Context: Avanci’s 5G standard-essential patent (SEP) licensing program was launched about a year ago and has steadily added licensors as well as licensees (see, e.g., May 8, 2024 ip fray article). After the success of Avanci 4G, which wasn’t fully foreseeable in the early years (September 28, 2024 ip fray article), many automakers apparently preferred to secure the earlybird rate ($29 instead of $32) over litigation.
What’s new: Today, Avanci announced on LinkedIn that they “are excited to welcome Toyota to the Avanci 5G Vehicle program, for their next generation of connected vehicles” and that “the program has grown to span almost 40 automotive brands and more than 65 licensors.”

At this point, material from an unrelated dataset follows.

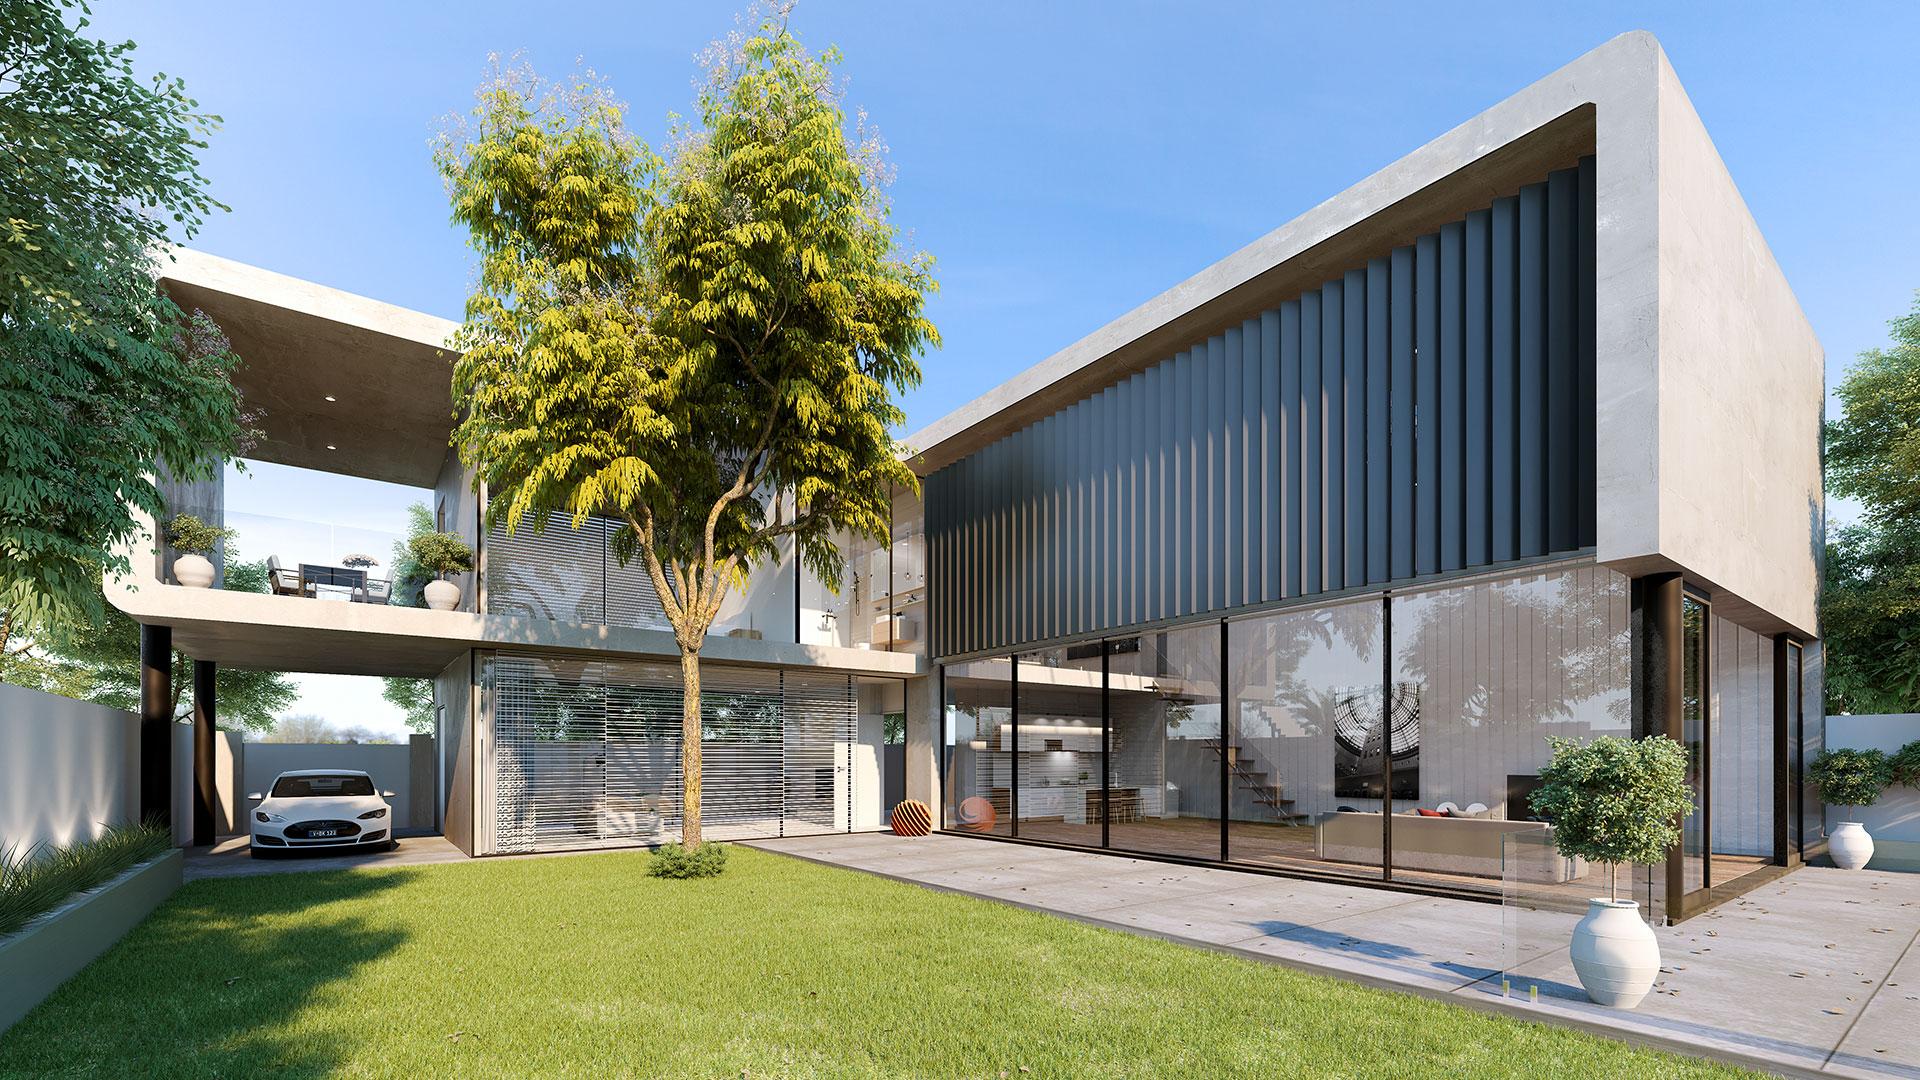 ArcViz_Artist_Impression_Architectural_Visualization_Melbourne.jpg

Direct impact: After three lower-volume Japanese vehicle makers, Toyota is the first high-volume Japanese automaker to sign up to Avanci 5G. Major U.S. and European automakers have already taken that license.
Wider ramifications: Interestingly, it turned out a few months ago that Toyota acquired some 5G SEPs from Chinese smartphone maker OPPO (July 29, 2024 ip fray article). Avanci is not a cross-licensing program, but companies can contribute their SEPs, subject to a vetting process, and receive their regular share of Avanci’s royalty income.
While there are anti-patent-pool lobbying activities, particularly in the EU, Avanci’s collective licensing program for connected vehicles continues to grow, while litigation by Avanci licensors has become extremely rare. Thus far, the only lawsuit relating to Avanci’s 5G licensing program has, in fact, been brought by a car maker preparing to launch 5G-connected vehicles: Tesla would like a FRAND determination by the UK judiciary. The High Court of Justice for England & Wales (EWHC) dismissed the claim, and meanwhile Tesla’s appeal has become discoverable. Xiaomi’s spectacular appellate win over Panasonic (October 3, 2024 ip fray article) involved the right to a FRAND license, but in a bilateral situation where the SEP holder itself had originally committed to grant a license on terms to be determined by the UK judiciary. Avanci is not a SEP holder; its licensors are.
When Toyota’s acquisition of 5G SEPs from OPPO became known, it was unclear what the car maker intended to do with them. It could have wanted to prepare for infringement litigation by SEP holders who are implementers themselves, a number of which are Avanci licensors. Now that Toyota has joined Avanci’s 5G program, it is extremely unlikely that it will need 5G SEPs to bring countersuits and counterclaims anytime soon.
What Toyota could do is seek royalty payments from Avanci licensors that are not car makers, such as device makers and telecommunication carriers. Whether Toyota intends to build such a licensing program is not known.
One of the groups engaging in anti-Avanci advocacy is ACT | The App Association, an astroturfing operation that claims to represent small and medium-sized enterprises (SMEs) but is actually funded by Apple and other large companies. It’s not just hard to find, but even hard to conceive of a small app developer that would face any SEP licensing issues, let alone SEP infringement lawsuits. And those companies certainly have no interest in automotive SEP licensing. The fact that ACT has recently fired cheap shots at Avanci must be attributable to the fact that Continental has become a financial backer of the organization (September 12, 2024 ip fray article).
ip fray understands that implementers in different industries hope to bring down royalties. There is no reason why car makers and their suppliers (though suppliers rarely eve face a royalty demand from cellular SEP holders) shouldn’t have the right to save costs if they can. But it’s hard to argue with success. Announcements like the one today, with a company that makes approximately 10 million cars a year (even if presumably not all of them come with 5G at the moment) taking an Avanci 5G license without any litigation, up the ante for Continental and other Avanci critics. In the end, it’s actual deals that make all the difference. That’s the essence of licensing.